# Work request:
All pictures are to be omitted while the lines starting at the line with "Degli anni Cinquanta, storico" and ending at the line with "Le pétrissage du" in the material below are retyped exactly, both ends included.

# Data records:
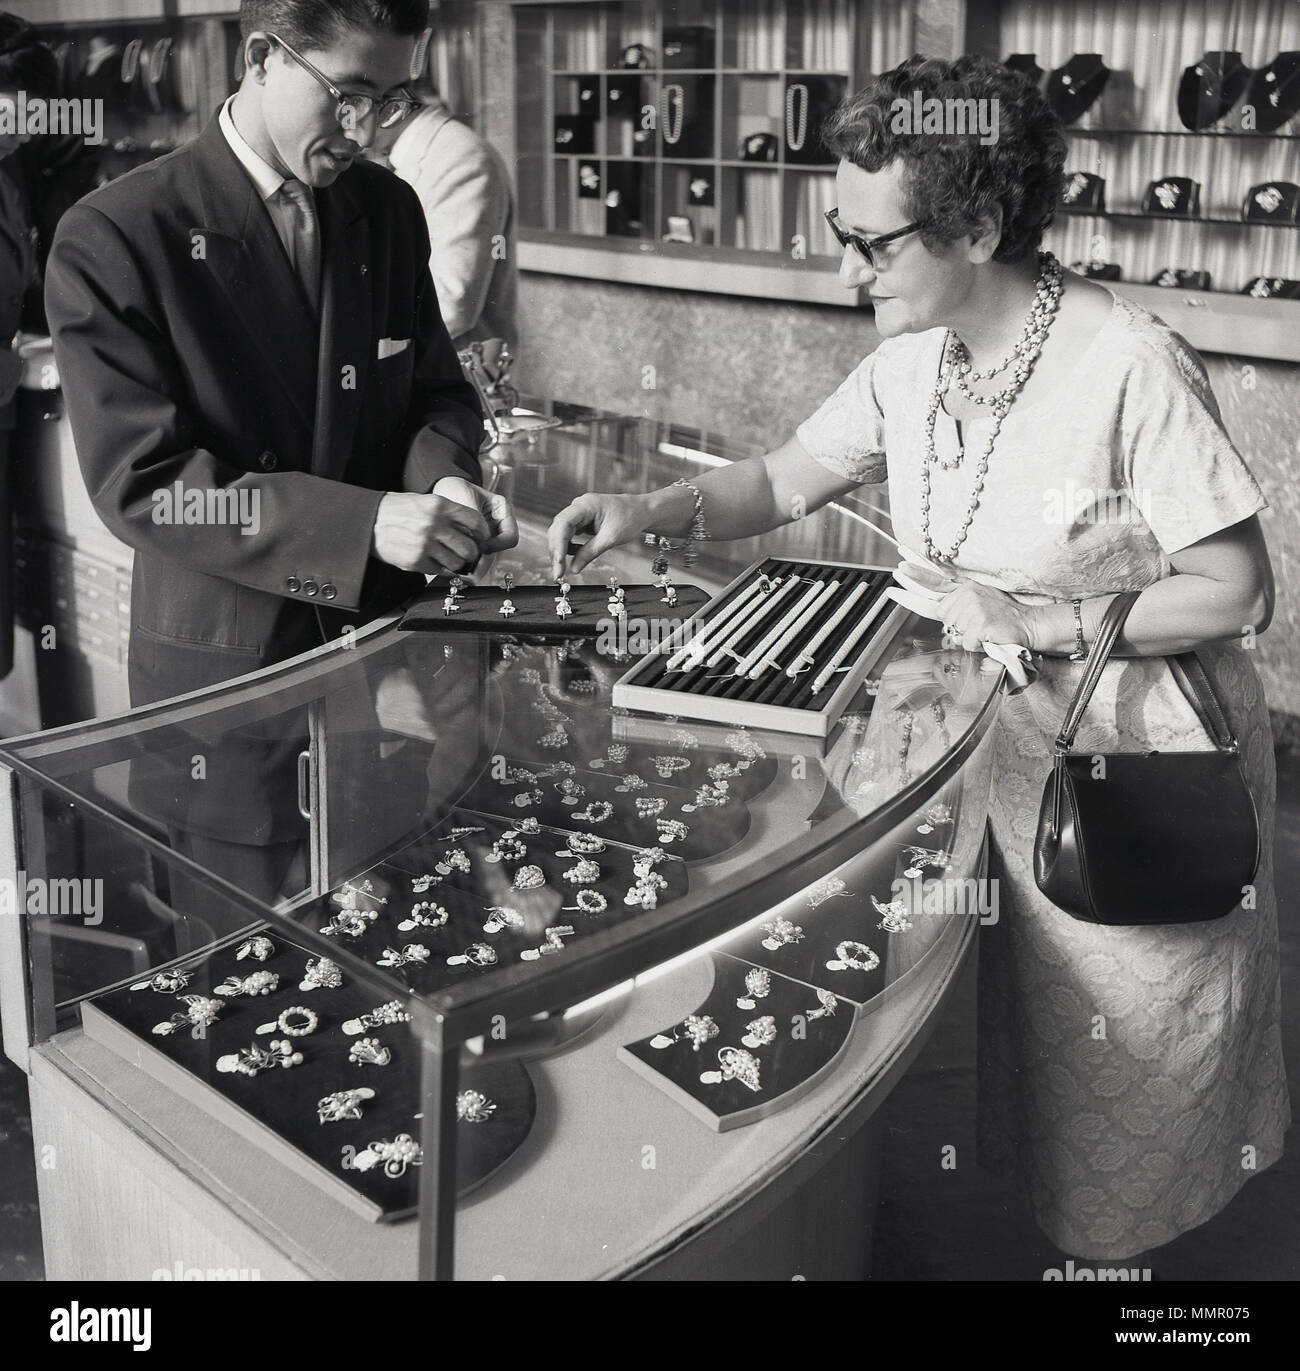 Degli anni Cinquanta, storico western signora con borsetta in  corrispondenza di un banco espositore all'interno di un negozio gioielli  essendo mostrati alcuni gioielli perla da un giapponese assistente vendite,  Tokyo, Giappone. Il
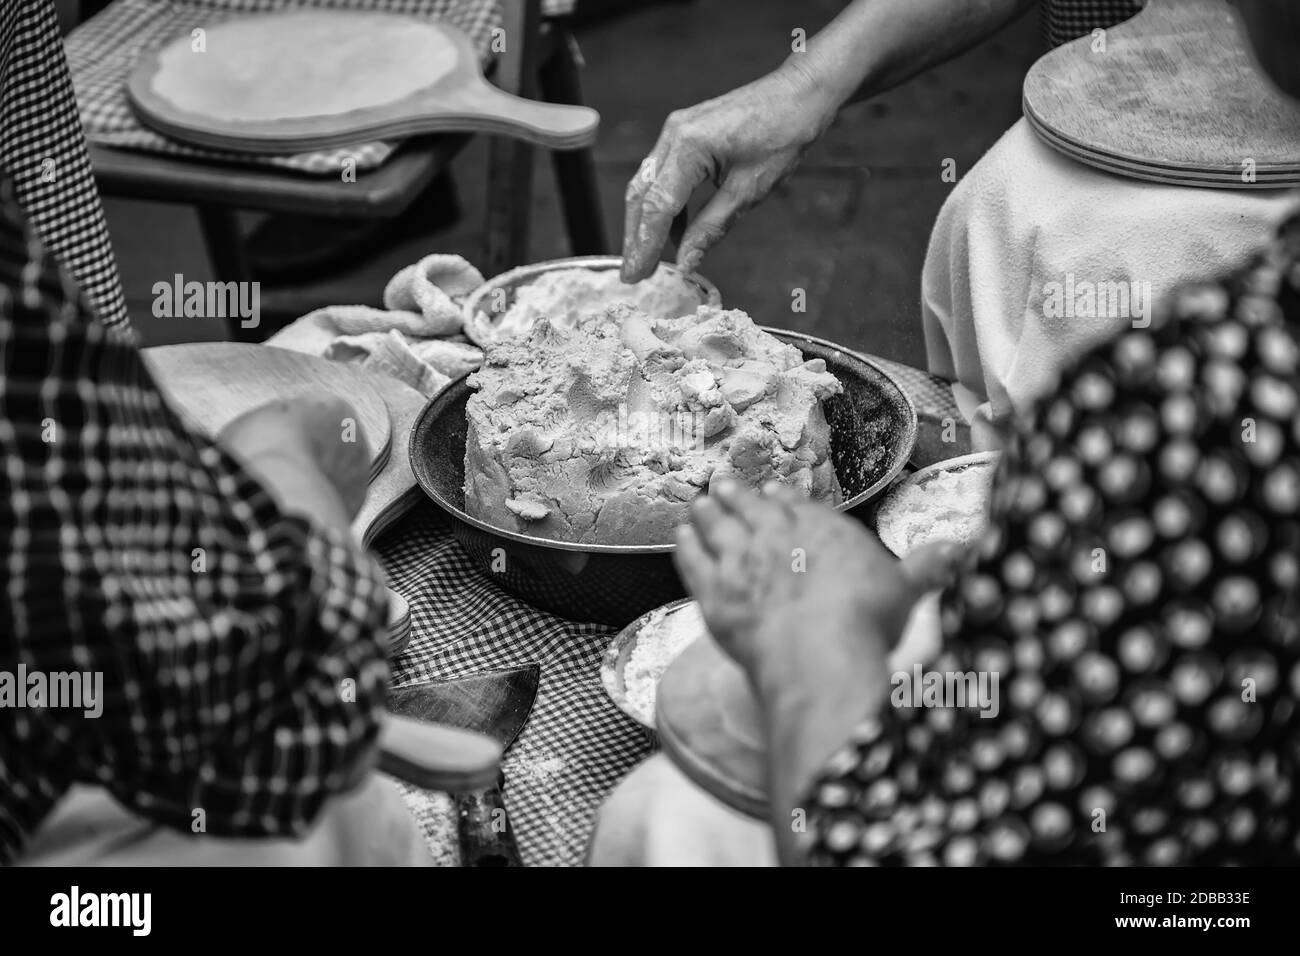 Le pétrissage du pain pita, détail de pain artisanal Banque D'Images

--

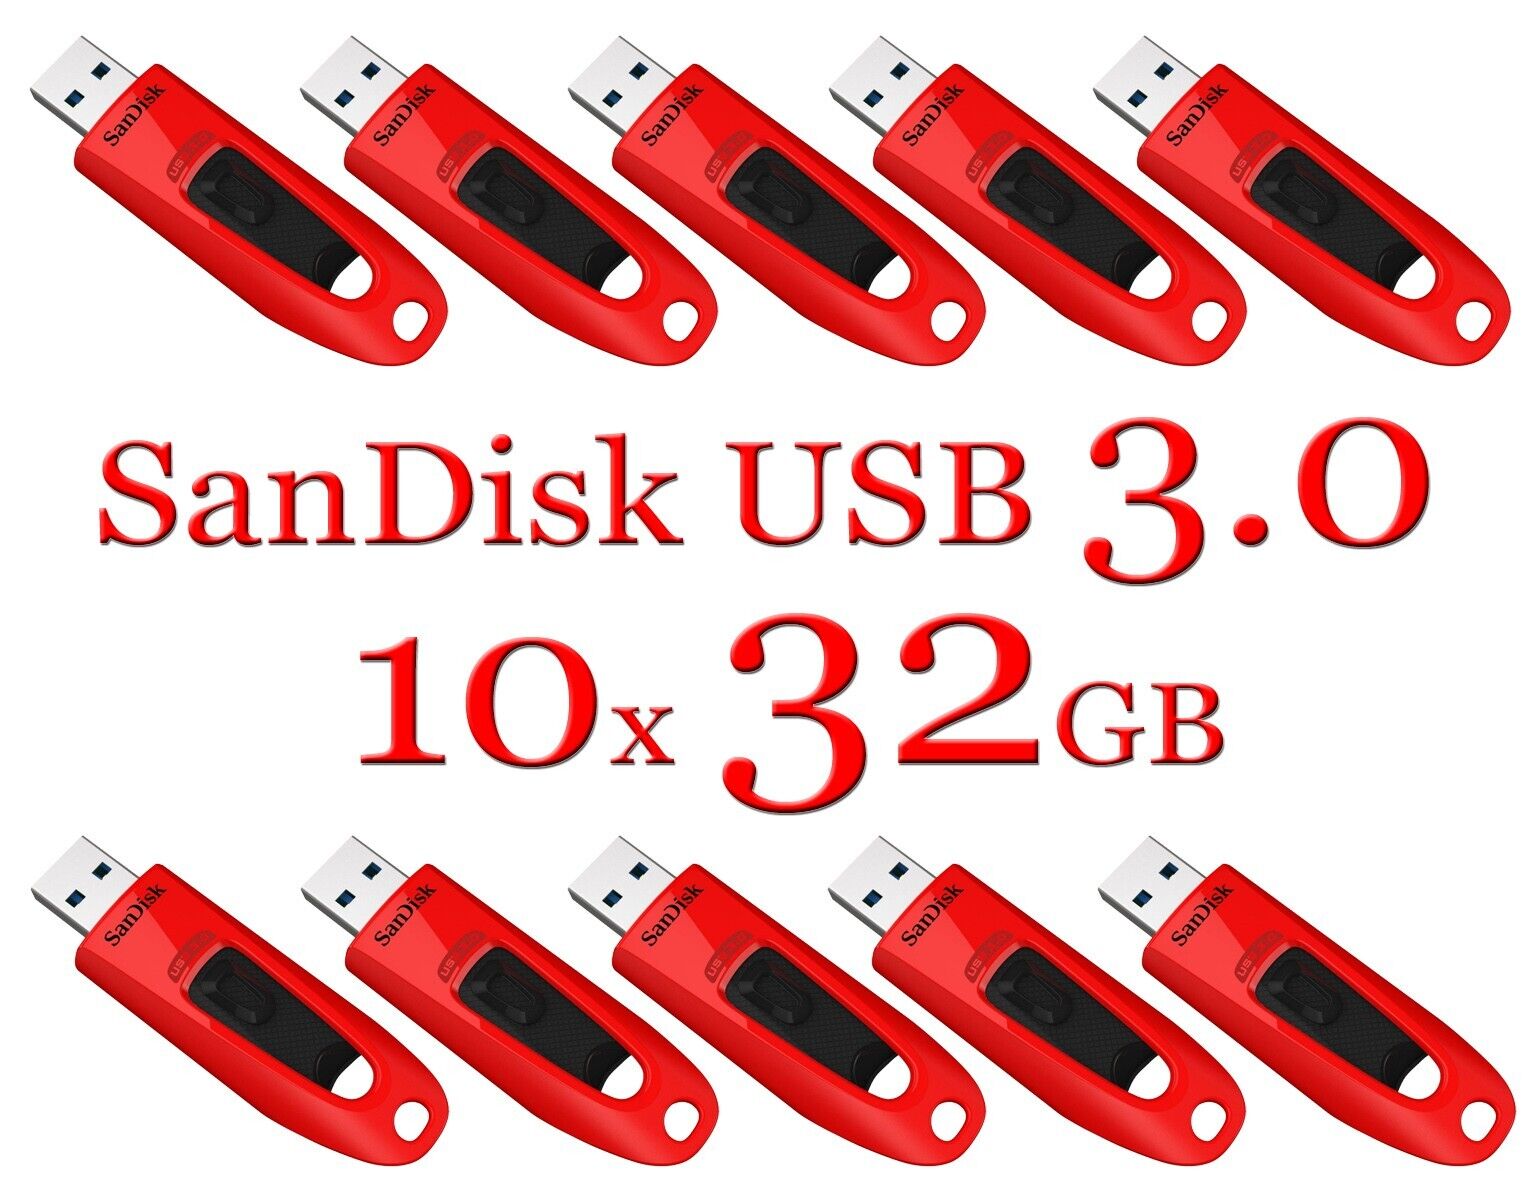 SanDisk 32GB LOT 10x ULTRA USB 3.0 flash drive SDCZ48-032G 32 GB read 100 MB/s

---

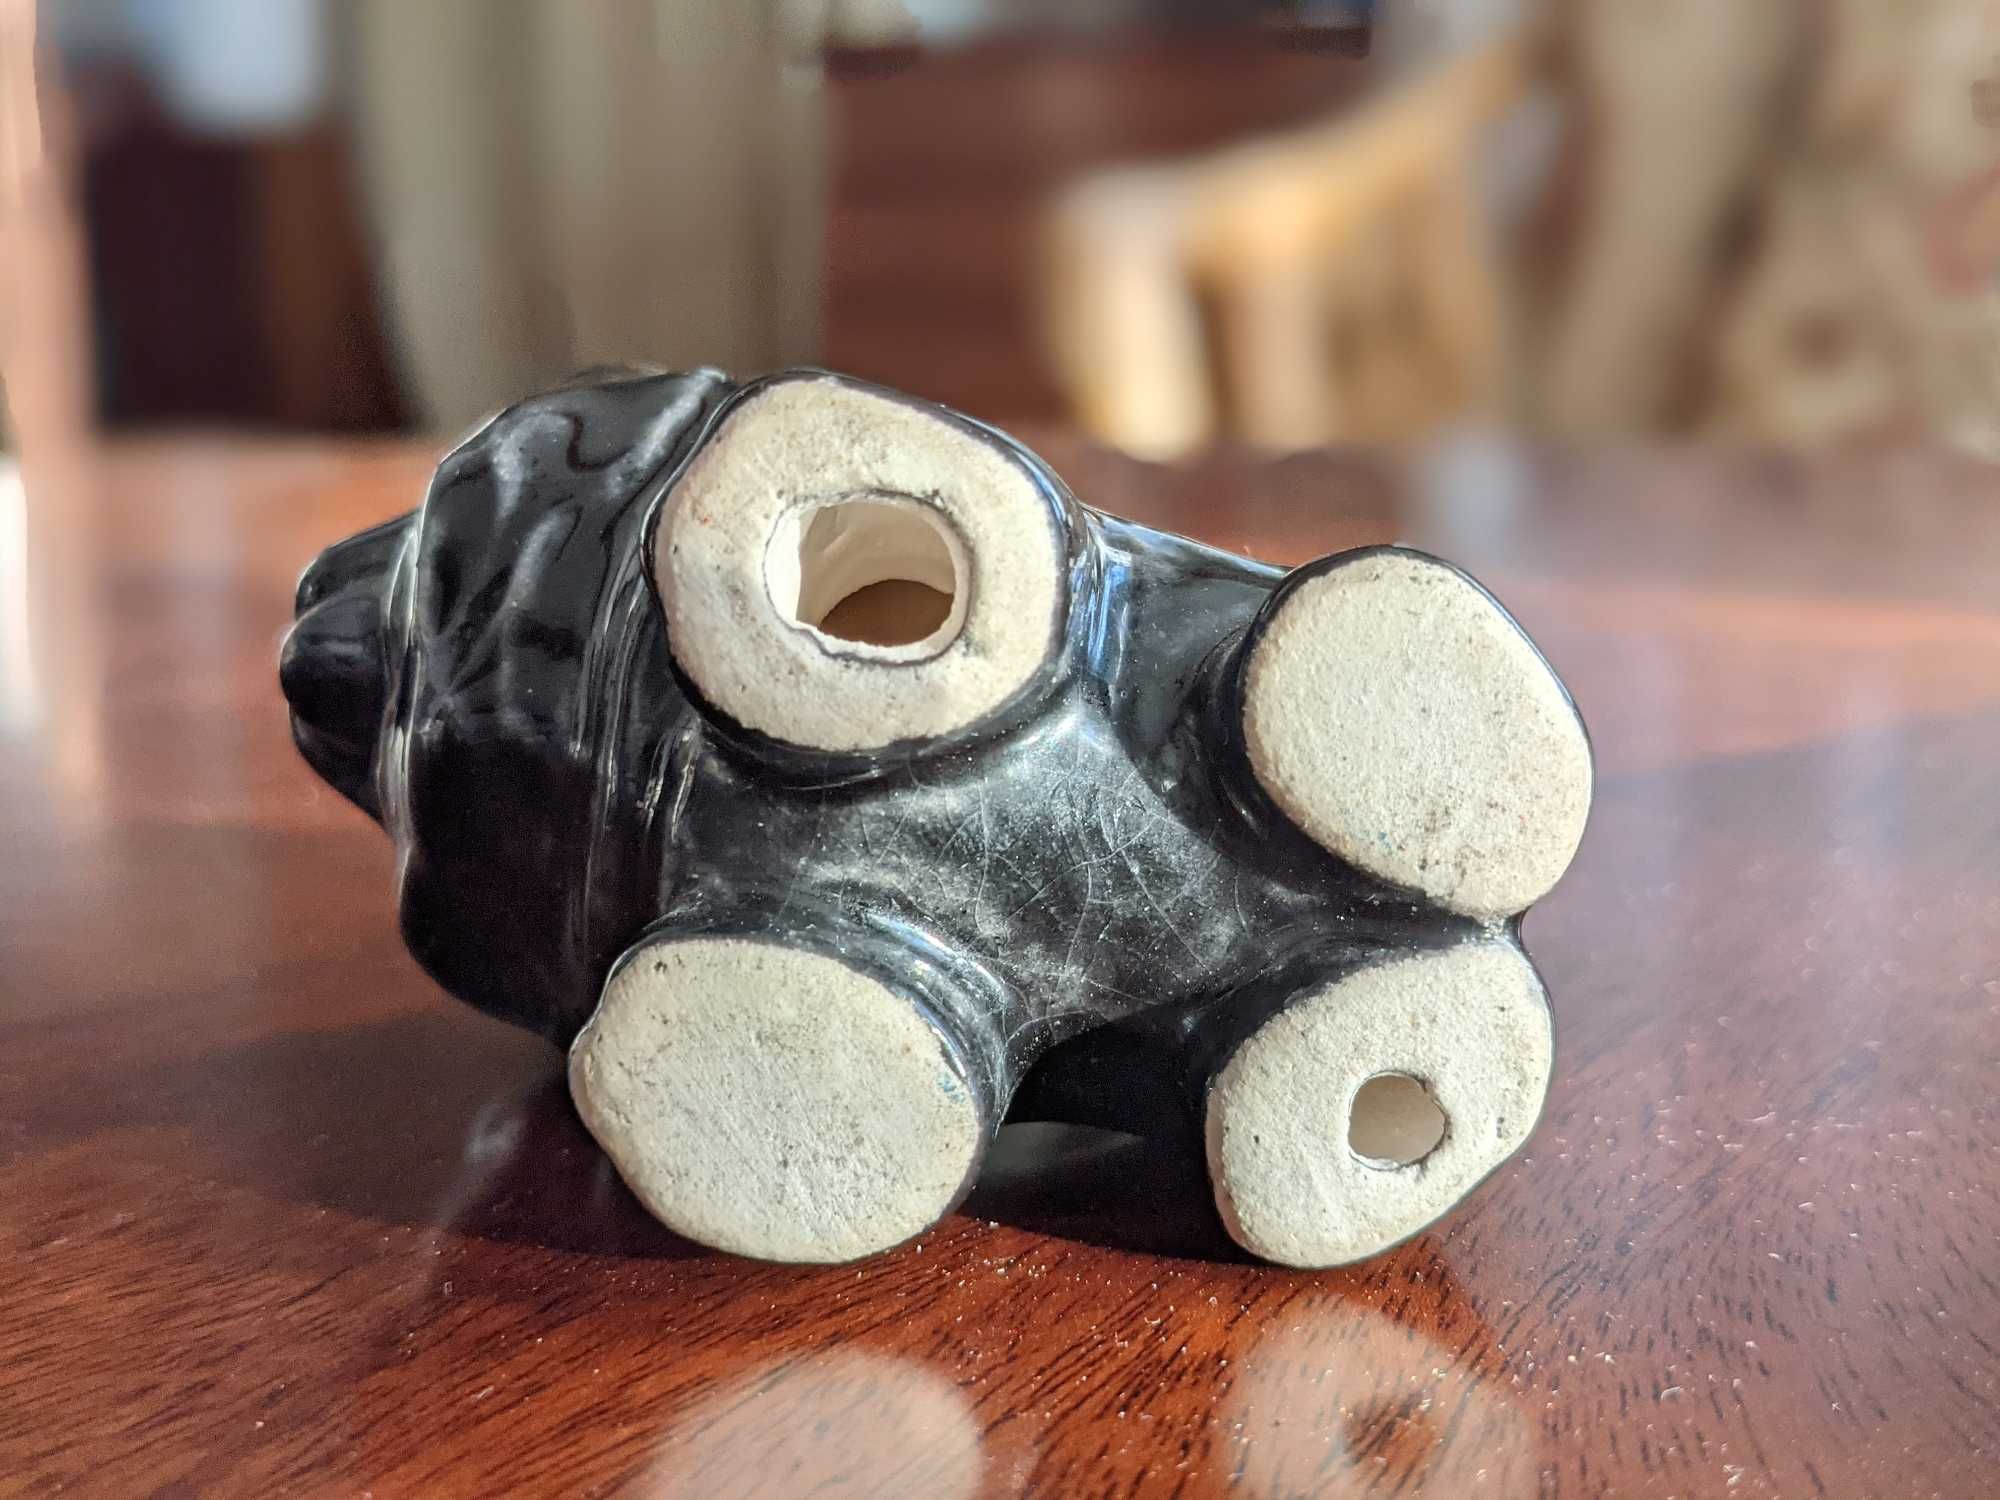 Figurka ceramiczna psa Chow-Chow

# Written answer:
 Degli anni Cinquanta, storico western signora con borsetta in  corrispondenza di un banco espositore all'interno di un negozio gioielli  essendo mostrati alcuni gioielli perla da un giapponese assistente vendite,  Tokyo, Giappone. Il
 Le pétrissage du pain pita, détail de pain artisanal Banque D'Images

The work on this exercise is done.